• Récolte sauvage

Les cèpes et bolets: les bons et ceux à ne pas ramasser

cueillir des cèpes
cueillir des cèpes

A l’automne, le bon cèpe de Bordeaux, c’est LE champignon que tout le monde espère trouver!

Mais déjà, avant d’aborder la lecture de cette page, allez voir ma page générale sur la cueillette des champignons, où j’ai parlé de l’habillement adéquat, des tiques, du panier et pas du sac en plastique, et du nettoyage sur place.
Bref, j’ai dit tout ce qu’il me semblait utile pour les novices, et qui concerne toute recherche de champignons.

Puis, mettons-nous à la chasse au trésor: le cèpe.

Les cèpes font partie de la grande famille des bolets, qui comporte 150 espèces.
Tous ont en commun de ne pas posséder de lamelles sous le chapeau, mais des tubes, qu’on appelle (à tort) de la “mousse”.
Seuls 4 parmi la grande famille des bolets ont le nom de cèpes: le cèpe de Bordeaux, le cèpe à tête noire, le cèpe des pins (plus rare) et le cèpe d’été.
Les cèpes ont tous en commun d’être de bons comestibles, d’être ventrus et charnus, et d’avoir une chair immuable, qui ne change pas de couleur si on les coupe.
Dans les bois, il est assez facile de reconnaître un cèpe à sa silhouette ventrue caractéristique et majestueuse.
Mais il existe de nombreux autres bolets comestibles dans cette famille, avec des différences, et avec plus ou moins d’intérêt, de goût, et de consistance, surtout.
Et, les bolets, eux, peuvent changer de couleur à la coupe, et ont des pieds quelquefois moins ventrus. Mais certains sont aussi de bons comestibles.

Comment s’y retrouver, lorsqu’on n’est pas spécialiste?

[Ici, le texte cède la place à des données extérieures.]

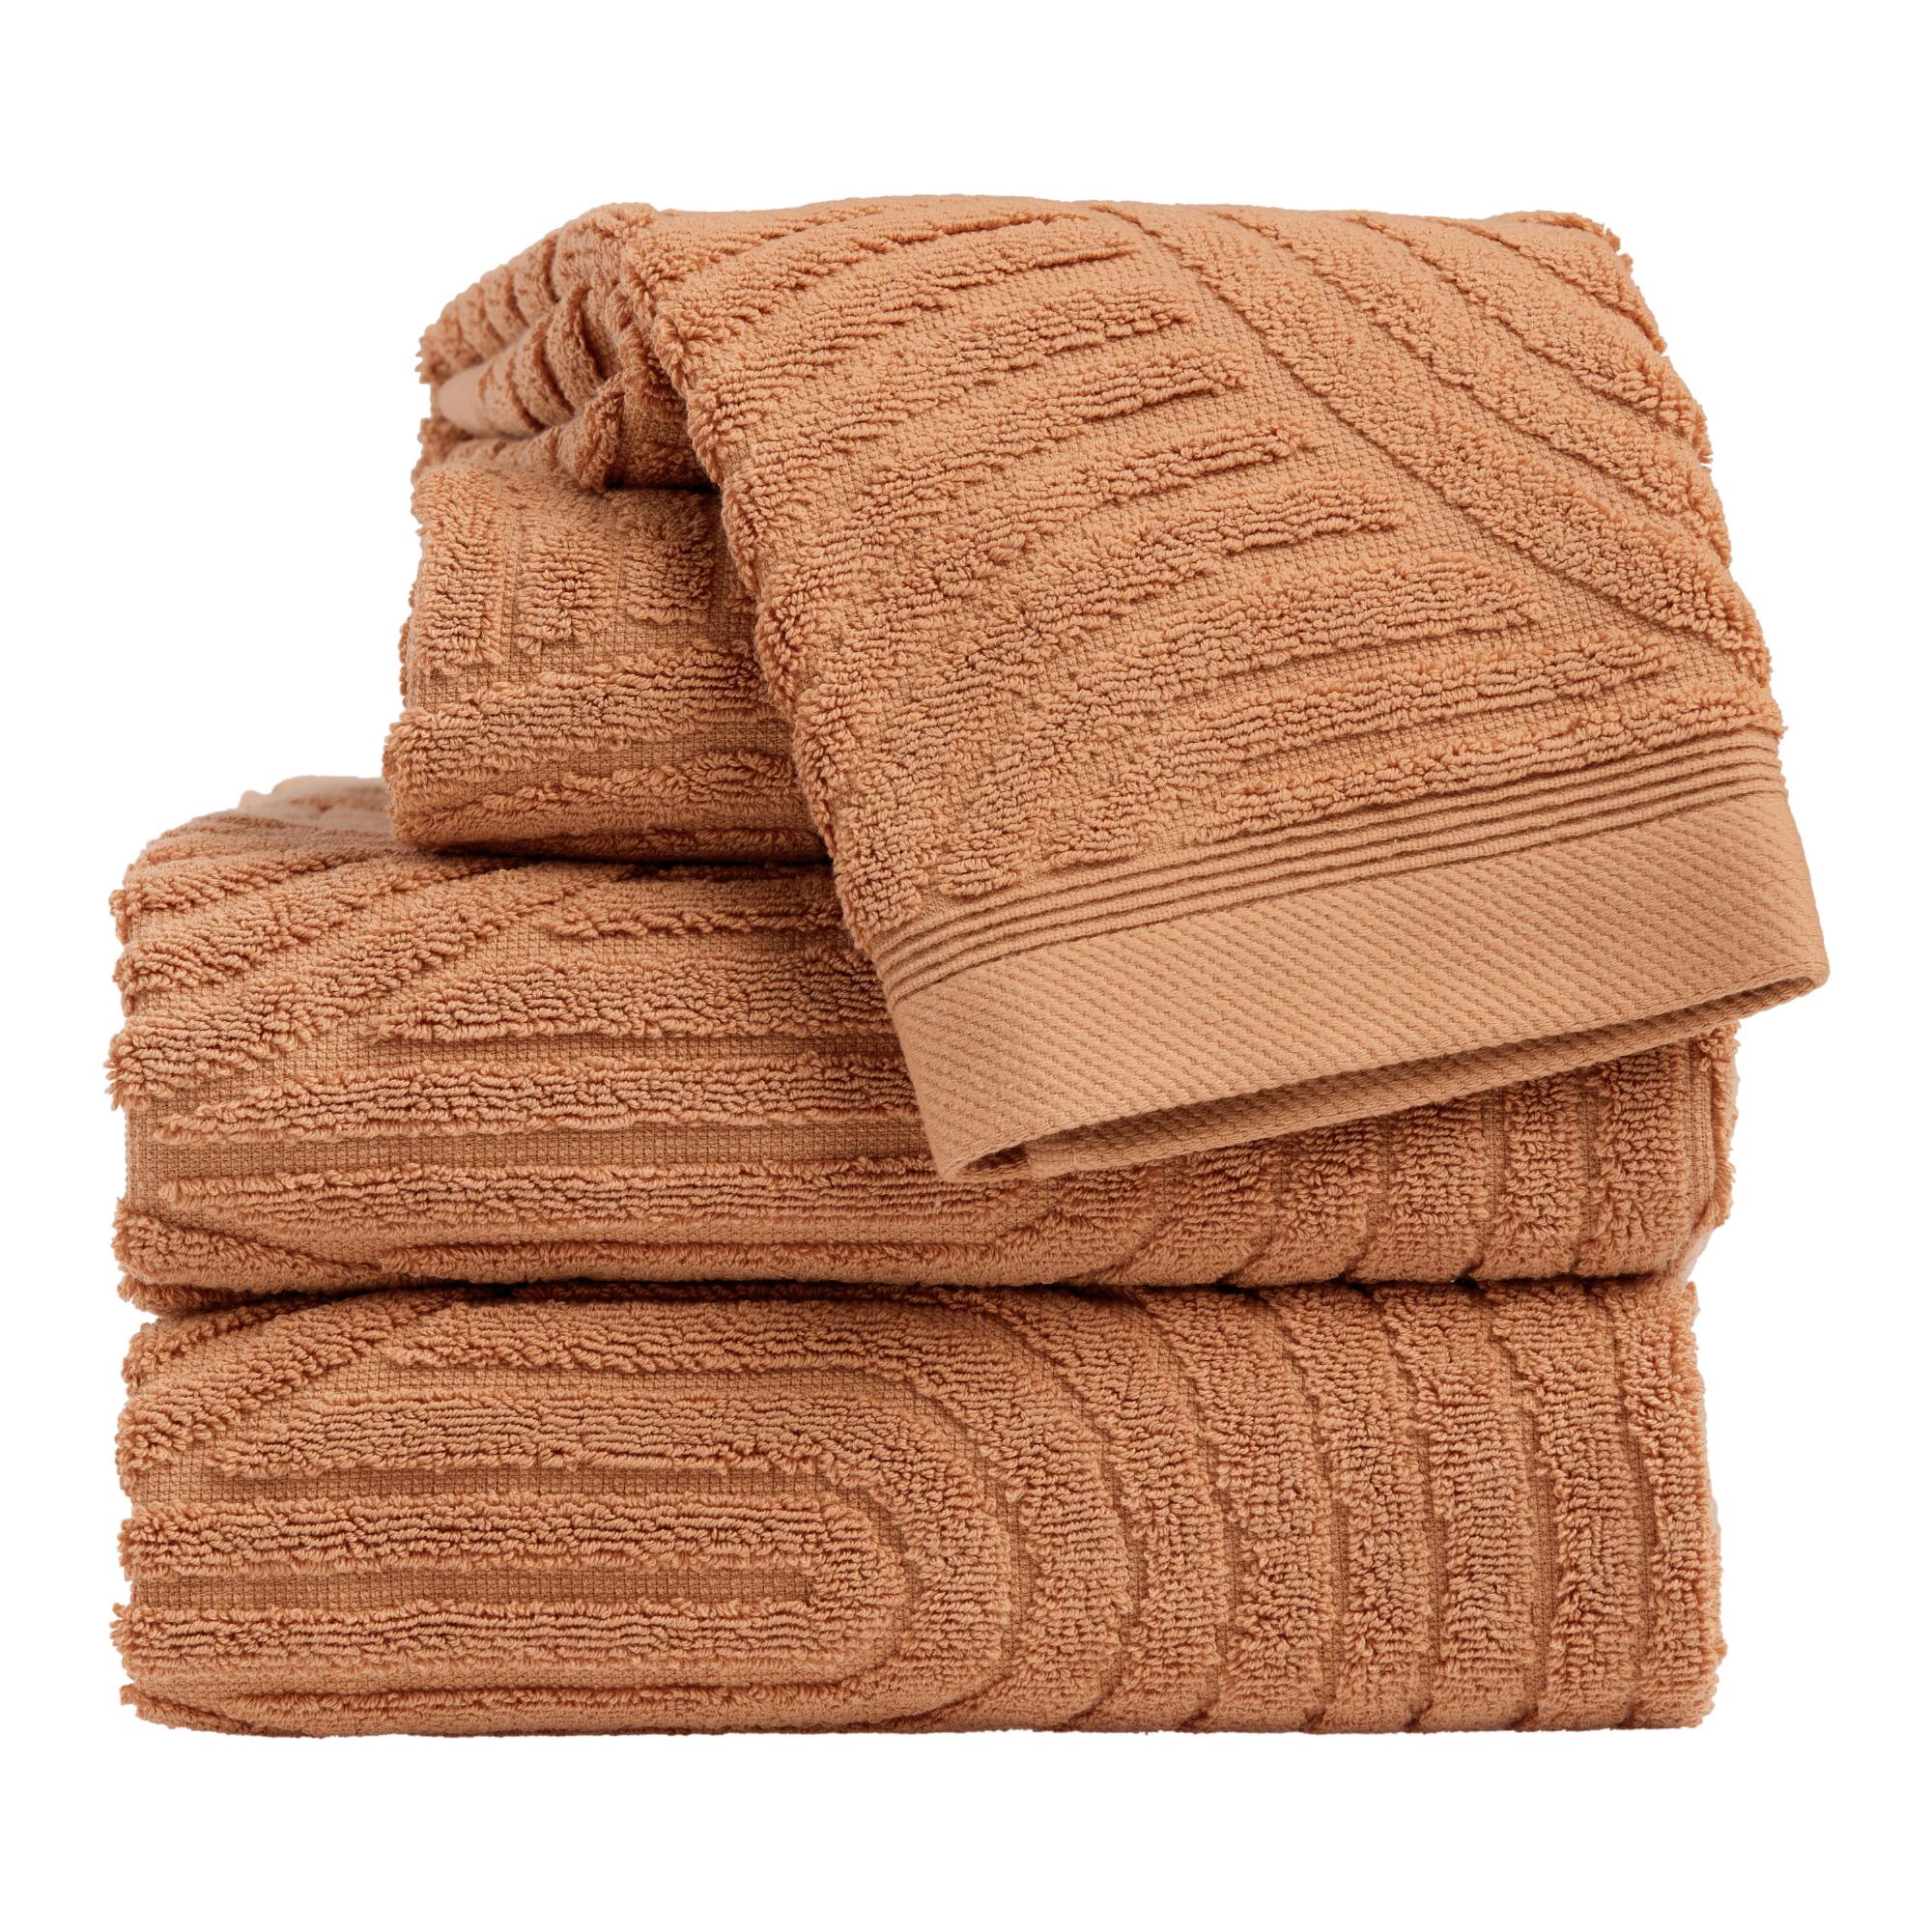 Hazel Brown Sculpted Arches Towel Collection by World Market

Soit on se limite à reconnaître le cèpe de Bordeaux, exclusivement, et on laisse tous les autres. Ce qui serait dommage.
Soit on apprend petit-à-petit, à ramasser d’autres bolets un peu différents de la star qu’est le cèpe de Bordeaux. On apprend à reconnaître ceux qui bleuissent,  mais sont bons, (le bleu indigo disparaît à la cuisson) et qui méritent aussi d’aller dans notre panier.
Et il y a des sites de mycologie bien faits pour s’y retrouver.
Des spécialistes. Ce que je ne suis pas.
Et dans ma page générale, je vous ai bien dit de ne manger que ceux que vous êtes bien certains d’identifier vous-même, ou, à défaut, d’avoir demandé à un connaisseur averti.

Pas de gros danger avec les cèpes.
Mais il faut néanmoins savoir en distinguer deux à ne pas ramasser dans son panier:

-le bolet satan, qui est TOXIQUE.
Mais heureusement, assez rare, et facilement reconnaissable.
le bolet amer, ou bolet de fiel, non toxique, mais tellement amer qu’un seul petit suffit à vous rendre tout un plat immangeable en raison de sa forte amertume. 

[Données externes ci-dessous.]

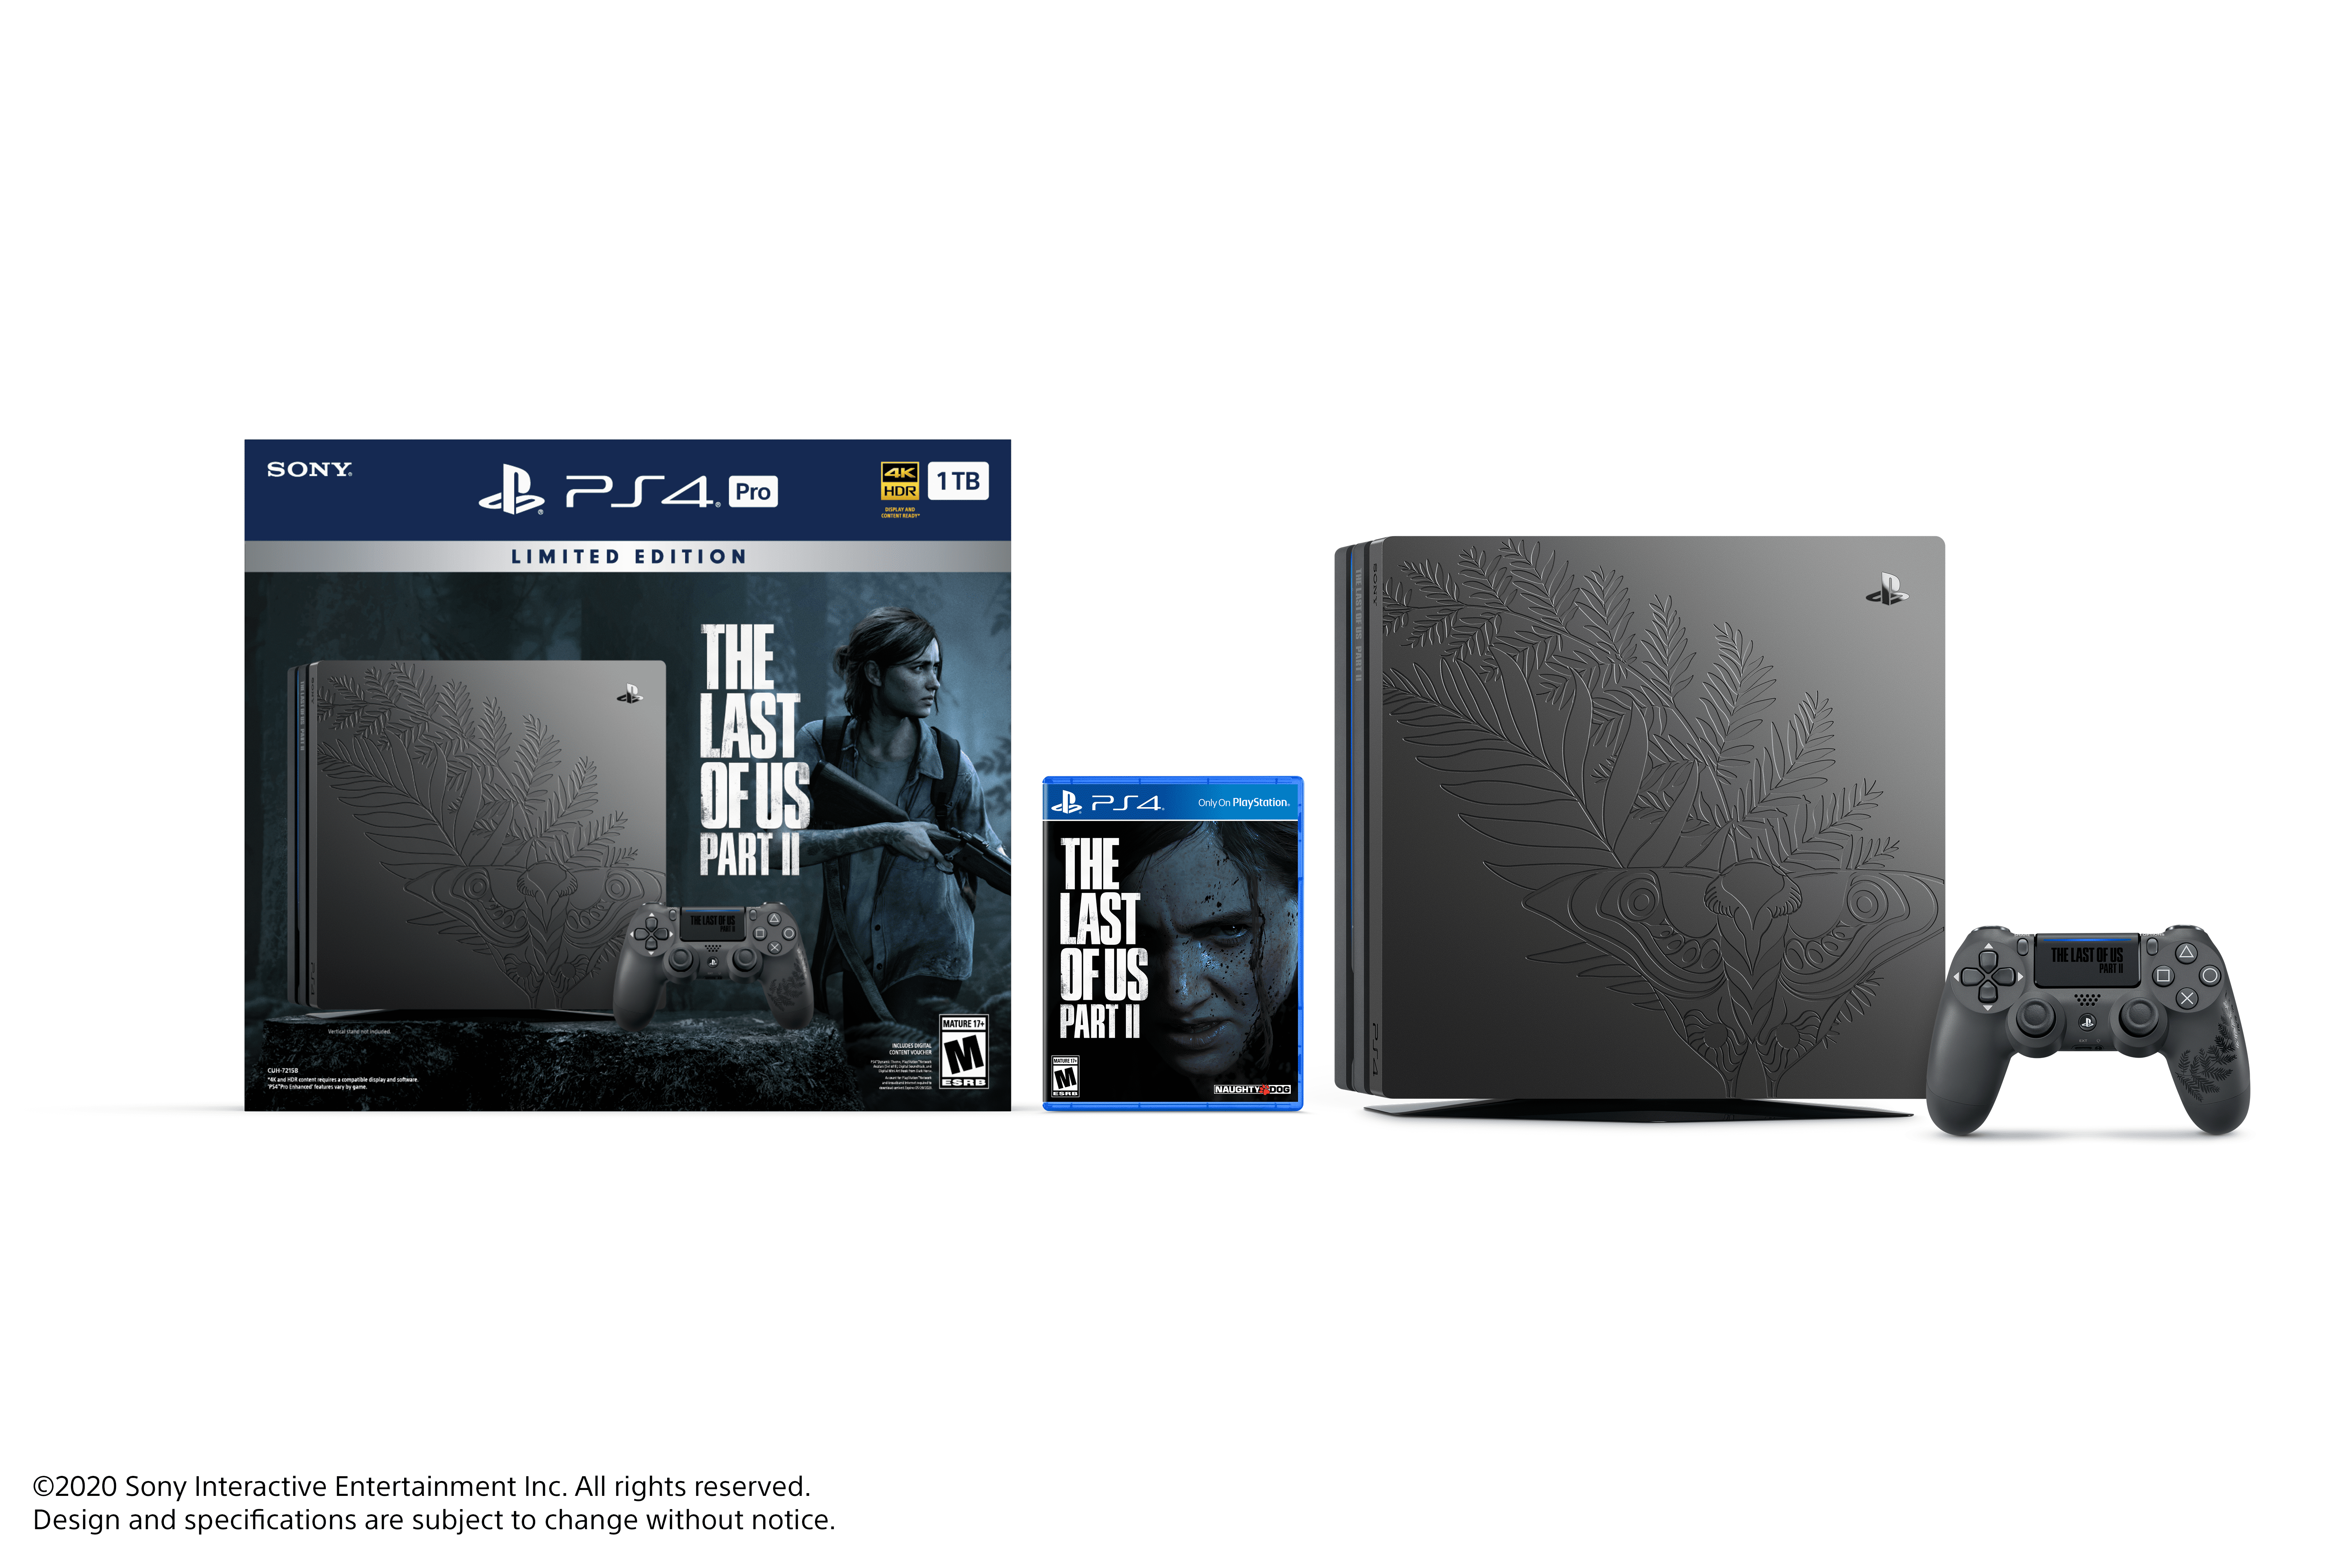  The Last of Us Part II - Standard Edition [PlayStation

Je vous renvoie à des recherches internet sur les sites spécialisés pour les identifier plus précisément. Je ne suis pas mycologue.
Je ne vous ai fait en dessous qu’un petit montage avec quelques photos du net, et une description succincte.
Juste pour vous donner une idée des “mauvais” et vous alerter.

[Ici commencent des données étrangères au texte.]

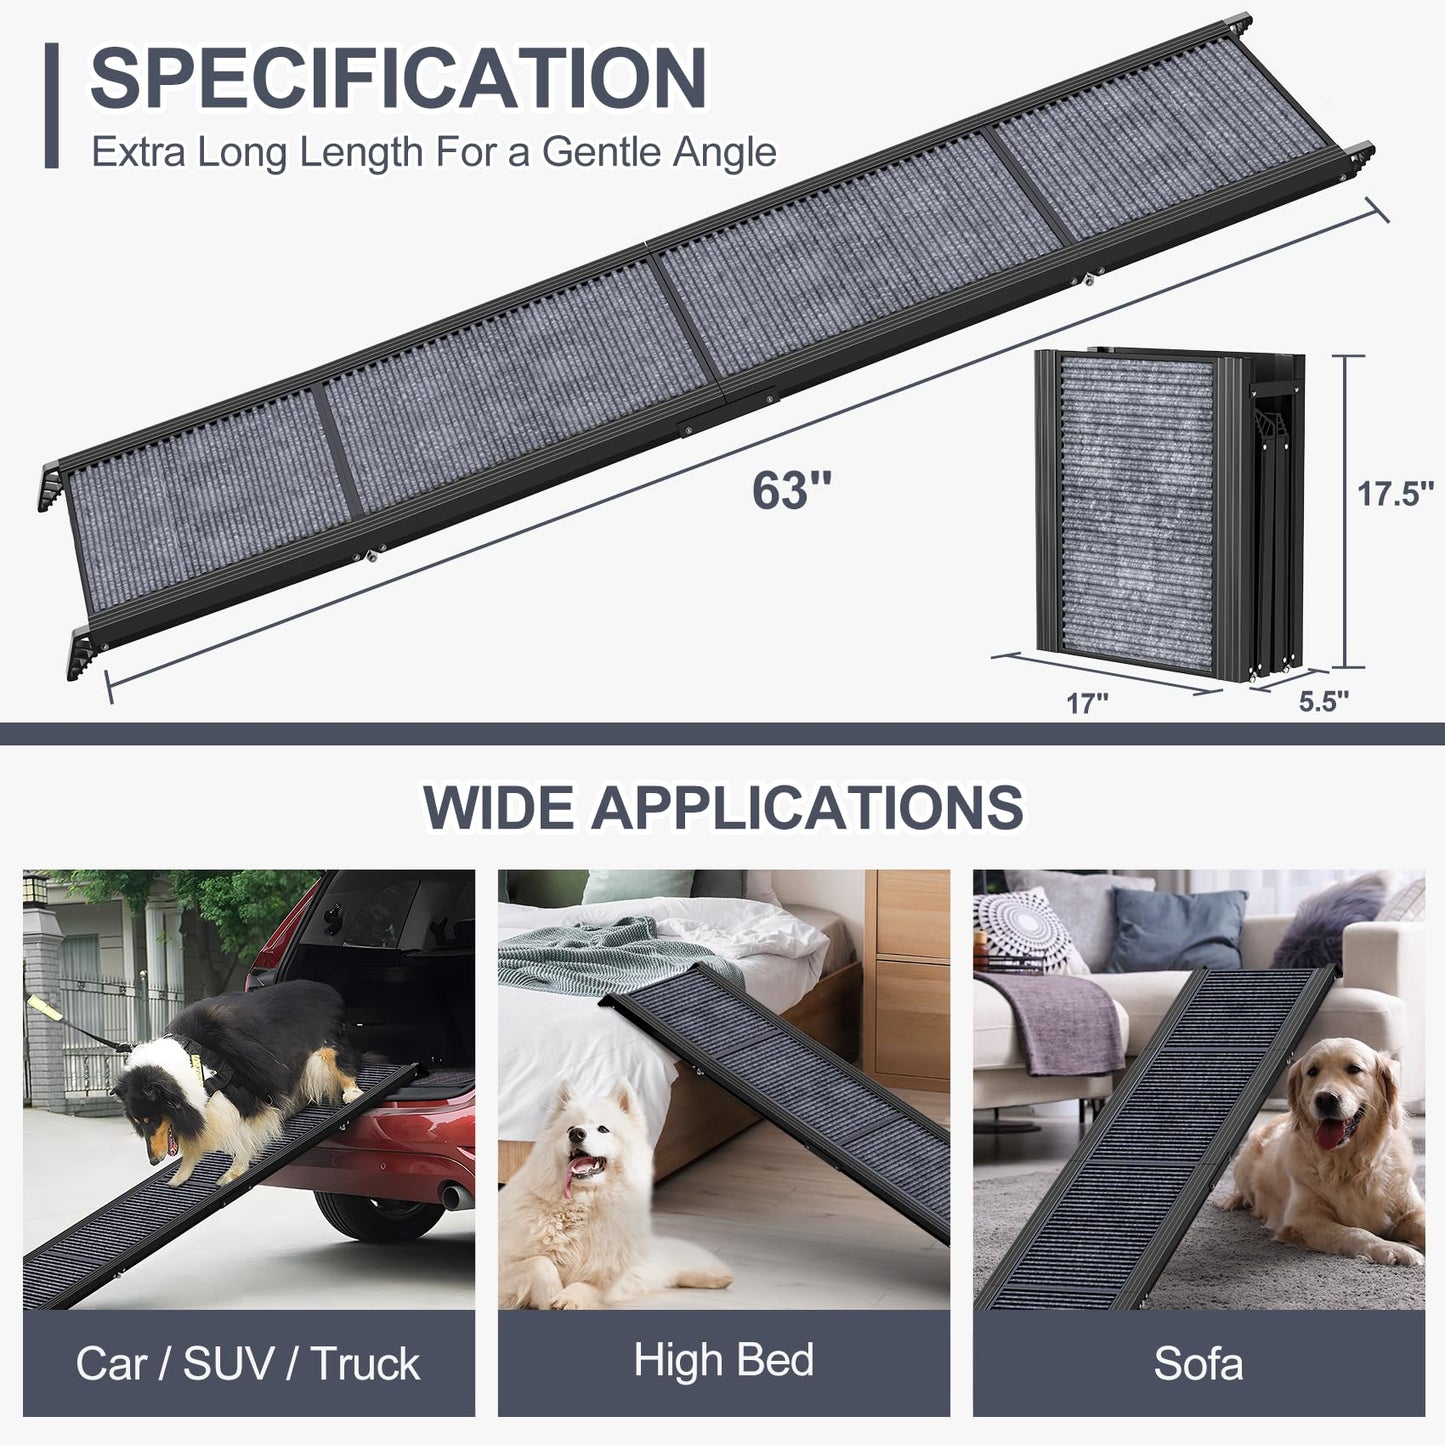 63" Long & 17" Wide Folding Portable Pet Stair Ramp with Non-Slip Rug Surface

Reconnaître le bolet satan toxique:

Heureusement, le seul qui est toxique est facilement reconnaissable, et assez rare:
Le bolet satan est massif, avec un  chapeau blanc sale, gris cendré ou beige. Le dessous est jaune orangé, puis devient rouge sang ou brique.

Son pied est ventru, court, jaune au sommet et souvent à la base, et rouge au milieu. Sa chair est blanche ou jaune pâle, bleuissant à l’air.
Le pied a un réseau en mailles de filet.

le bolet satan toxique
le bolet satan toxique

Retenez: bolet satan toxique : chapeau blanc ou gris clair,  pied trapu jaune sur le haut, puis rouge et rose sombre vers le bas, une chair qui bleuit légèrement à la coupe, comme ses tubes, et des pores orangés qui deviennent rouge sombre avec l’âge.
Celui-là, ne pas le ramasser.

Reconnaître le bolet amer, ou bolet de fiel:
Le voici:

le bolet amer ou bolet de fiel
le bolet amer ou bolet de fiel

Il n’est pas vraiment toxique, mais tellement amer qu’il vous obligera à tout jeter si vous en avez cuisiné un par erreur.
Et ça peut arriver.

Car c’est un peu compliqué de différencier le bolet amer du bon cèpe quand ils sont tout jeunes.
Car les bolets amers sont de la même famille que le Cèpe de Bordeaux, et lui ressemblent à s’y méprendre quand ils sont jeunes.
Quand le champignon est plus mature, le bolet amer a des pores roses et un maillage sombre sur son pied qui permettent de l’identifier plus sûrement.
Alors, comment ne pas confondre un bolet amer qui va ruiner notre poêlée de champignons, et un cèpe de Bordeaux?
Les cèpes de Bordeaux ont un réseau blanchâtre sur leur pied (un maillage plus clair sur un pied quelquefois un peu plus foncé) , alors que le bolet amer a un maillage sombre et un peu saillant sur un pied plus clair.
Le bolet amer a des tubes plus larges, avec une tendance au rosissement au contact ou avec l’âge, alors que les pores du cèpe n’évoluent jamais vers le rose.
La marge claire du Cèpe de Bordeaux est également  caractéristique.(la marge, c’est le bord externe du chapeau)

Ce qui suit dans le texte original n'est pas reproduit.